The Court of Appeal has recently considered the criteria for the diversion of a footpath, bridleway or restricted byway. Trevor Ward examines the ruling.

In Open Spaces Society v Secretary of State for Environment, Food and Rural Affairs [2021] EWCA Civ 241 the Court of Appeal has upheld the High Court’s decision in the case of The Open Spaces Society v Secretary of State for the Environment, Food and Rural Affairs [2020] EWHC 1085 Admin (05 May 2020) as to the correct criteria to be applied when considering applications to divert a footpath, bridleway or restricted byway under section 119 of the Highways Act 1980.

The judgment confirms that in carrying out the test of expediency under section 119(6) of the Act, the decision making is not confined to determining the matter solely on the basis of the criteria under section 119(6)(a),(b), and (c).
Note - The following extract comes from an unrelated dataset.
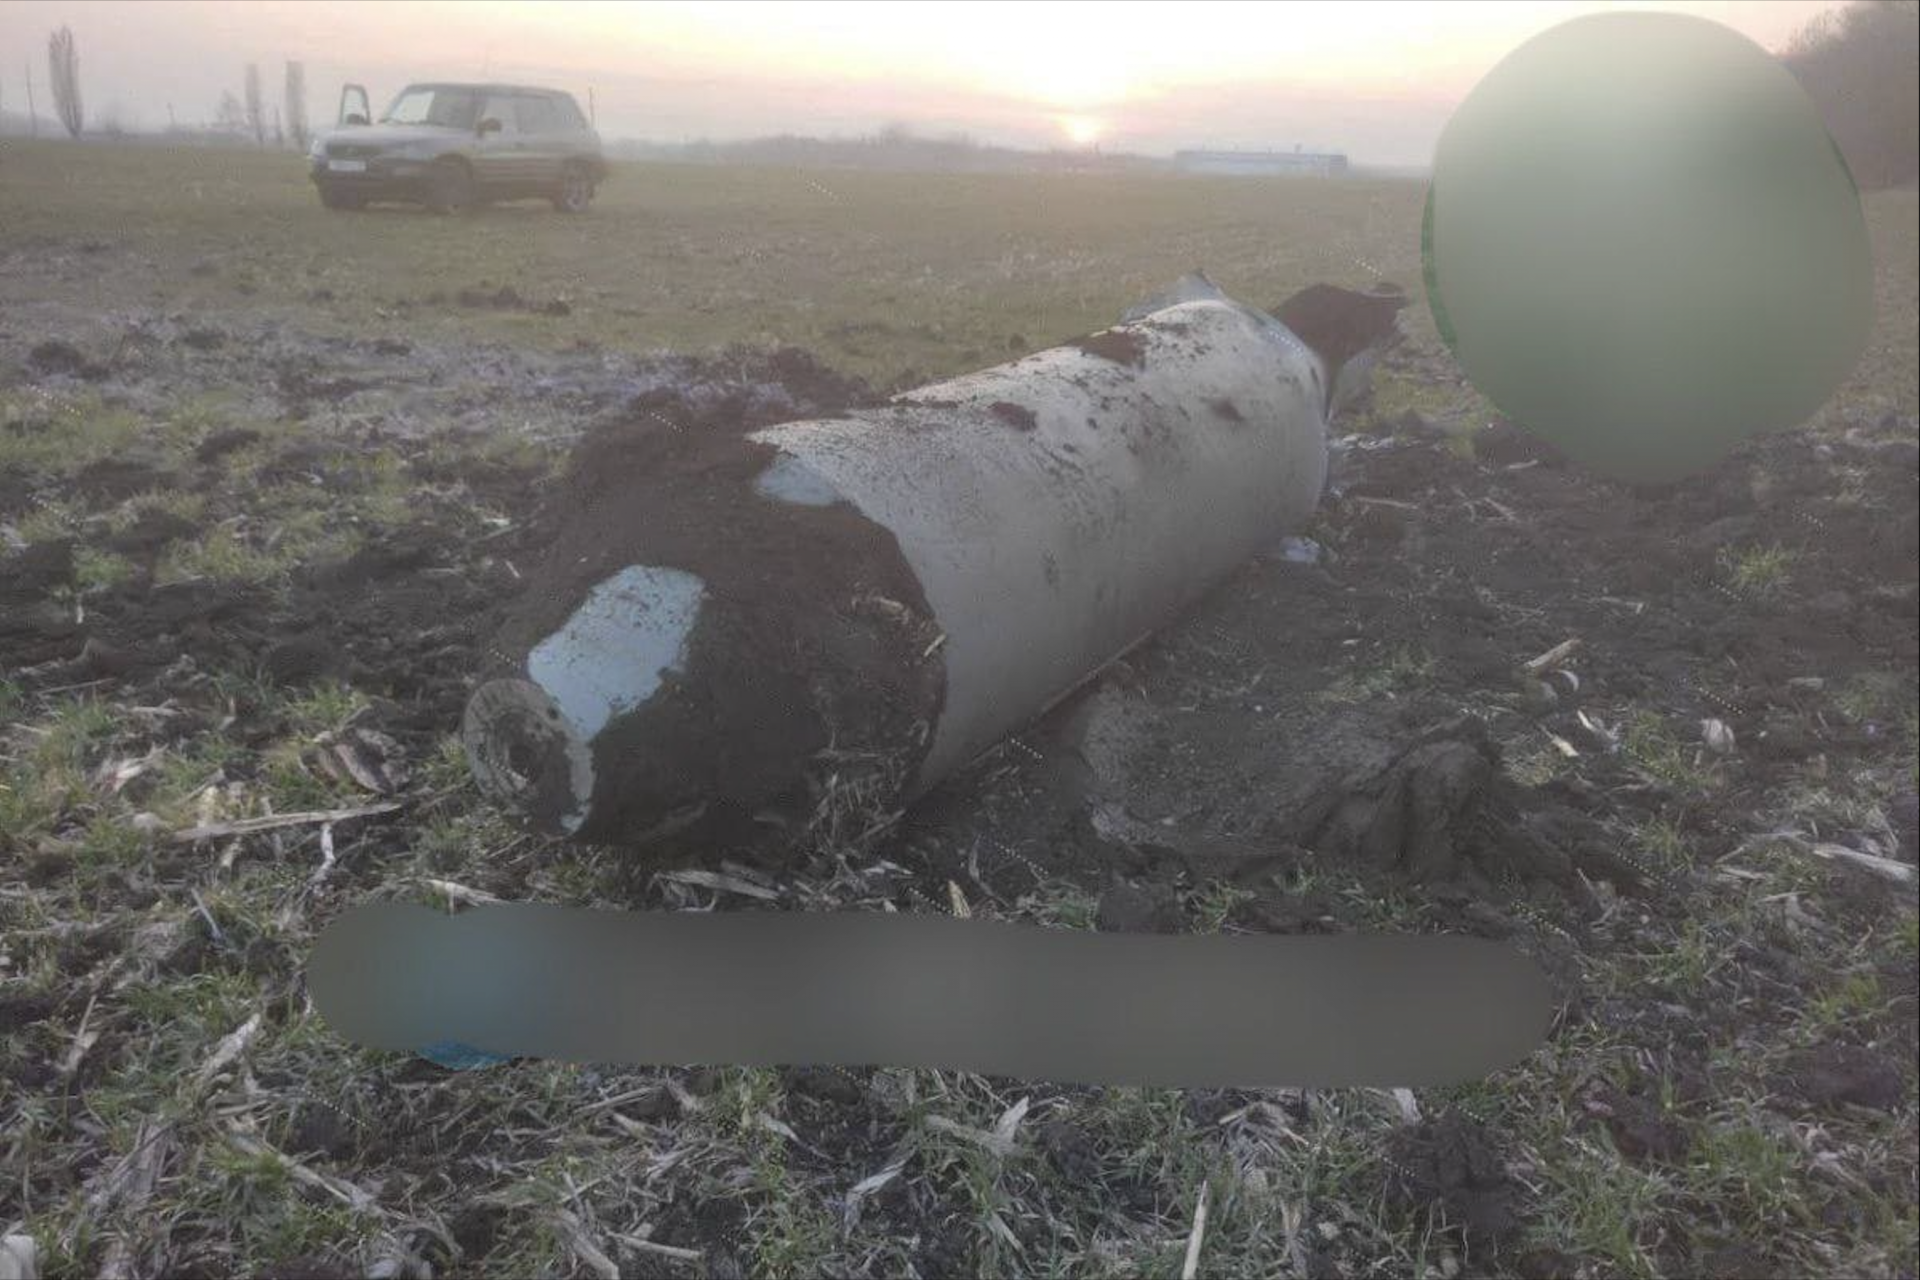 <p><span>On May 16th, Astra reported that 8 FAB glide bombs had been dropped in the Belgorod region with bombs of varying sizes being discovered across several settlements, though none of the bombs had detonated. </span></p> <div class="css-146c3p1 r-dnmrzs r-1udh08x r-3s2u2q r-bcqeeo r-1ttztb7 r-qvutc0 r-37j5jr r-a023e6 r-rjixqe r-16dba41 r-18u37iz r-1wvb978"><span>Photo Credit: X @front_ukrainian</span></div>

Provided that those criteria are specifically considered, then the decision maker can take account of a broad range of matters in reaching a conclusion, even if those matters have already been considered under other requirements of section 119 of the Act.

The appeal concerned the correct approach to the specific requirements as to whether it was expedient to confirm an order having regard to the matters specified in section 119(6)(a) to (c) of the 1980 Act and their application to an order diverting a 228 metre section of a footpath known as Rollright Footpath No. 7 (“FP7”).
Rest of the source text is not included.